■ DATA SECTION
<<<<

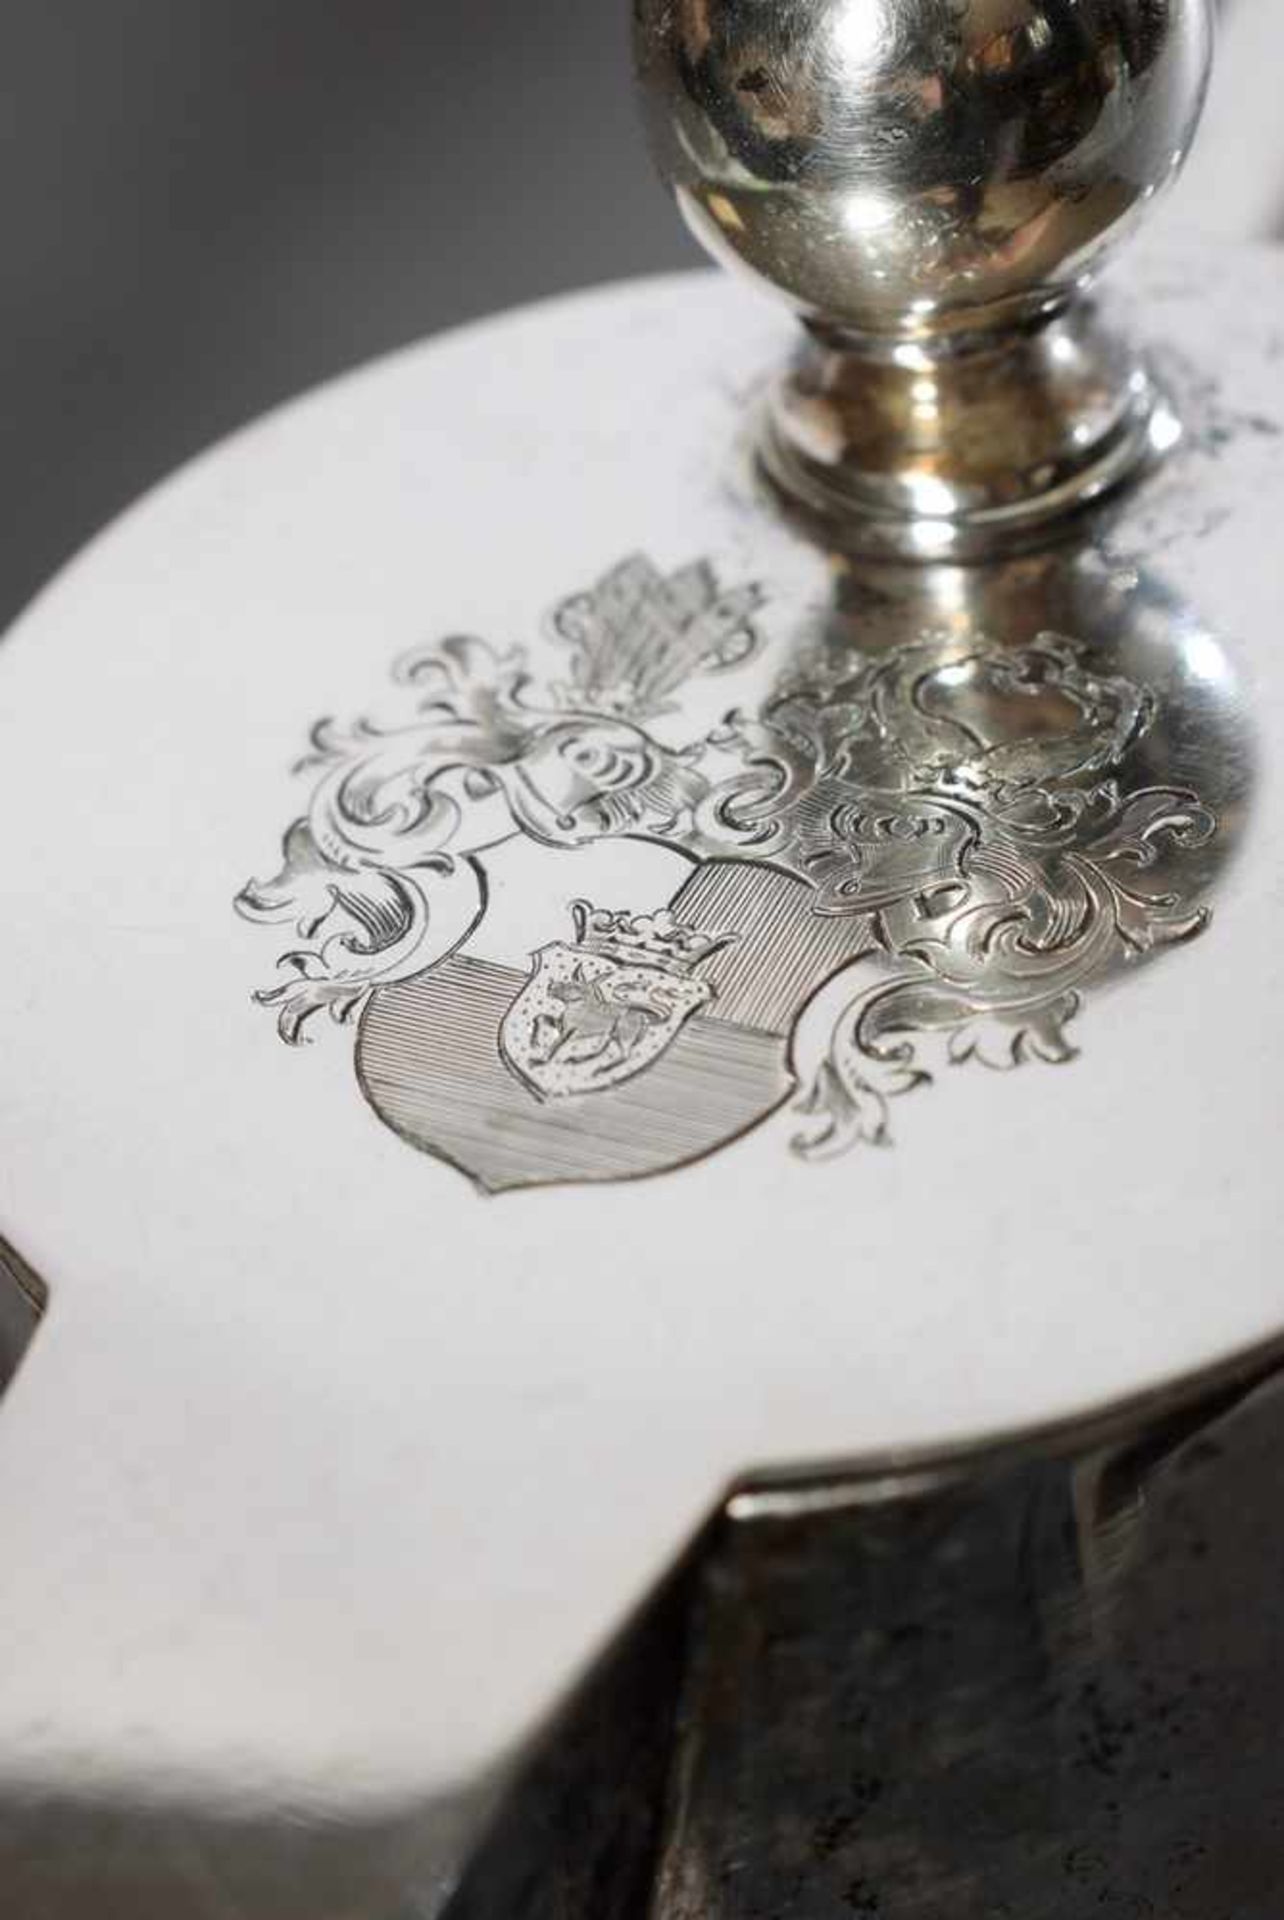 Weinkanne mit Silber 800 Montierung und Wappengravur "von Plessen" sowie optischem Schliff, - Bild 2 aus 3
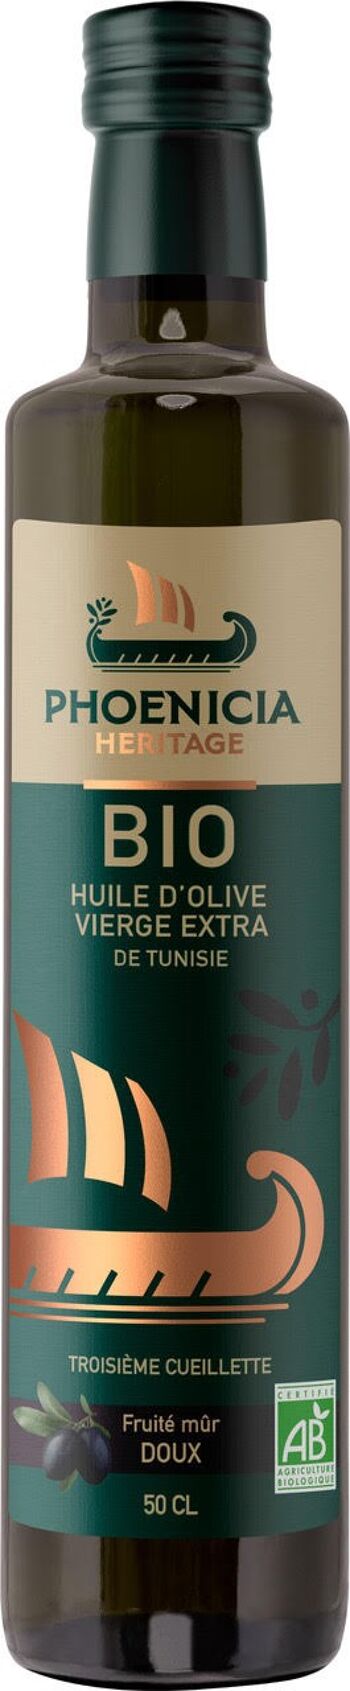 PHOENICIA HERITAGE Huile d’olive vierge Extra Biologique Fruité mûr doux 2
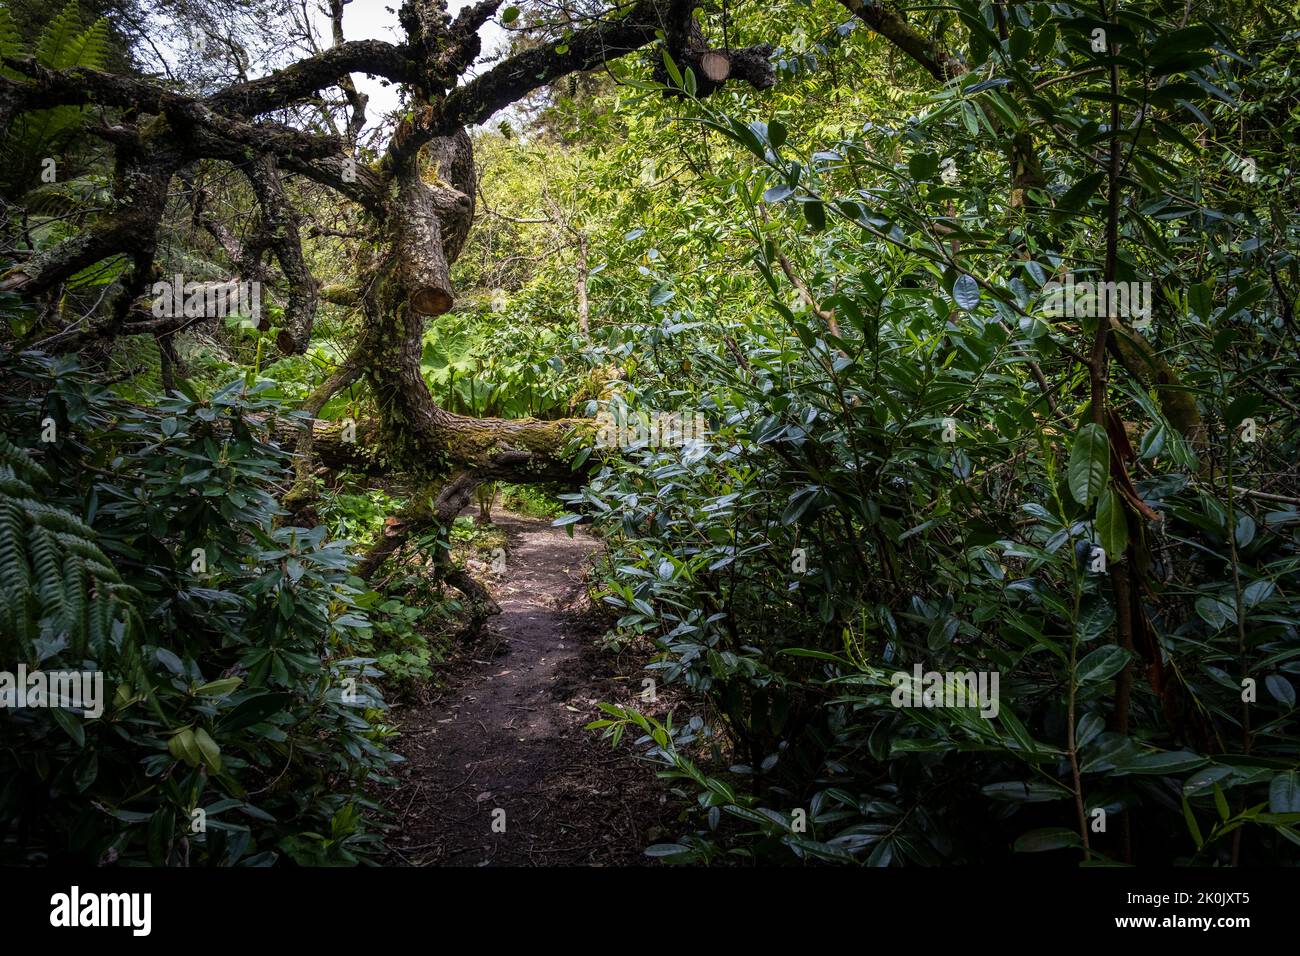 Un arbre est tombé sur un sentier dans le jardin sauvage subtropical Penjjick à Cornwall. Penjerrick Garden est reconnu comme le véritable jardin de la jungle de Cornmurals Banque D'Images

>>>>

■ EXERCISE AIM
Where a picture appears in the data, omit it; restate the rest word for word.

■ TASK OUTPUT
 Weinkanne mit Silber 800 Montierung und Wappengravur "von Plessen" sowie optischem Schliff, - Bild 2 aus 3
 PHOENICIA HERITAGE Huile d’olive vierge Extra Biologique Fruité mûr doux 2
 Un arbre est tombé sur un sentier dans le jardin sauvage subtropical Penjjick à Cornwall. Penjerrick Garden est reconnu comme le véritable jardin de la jungle de Cornmurals Banque D'Images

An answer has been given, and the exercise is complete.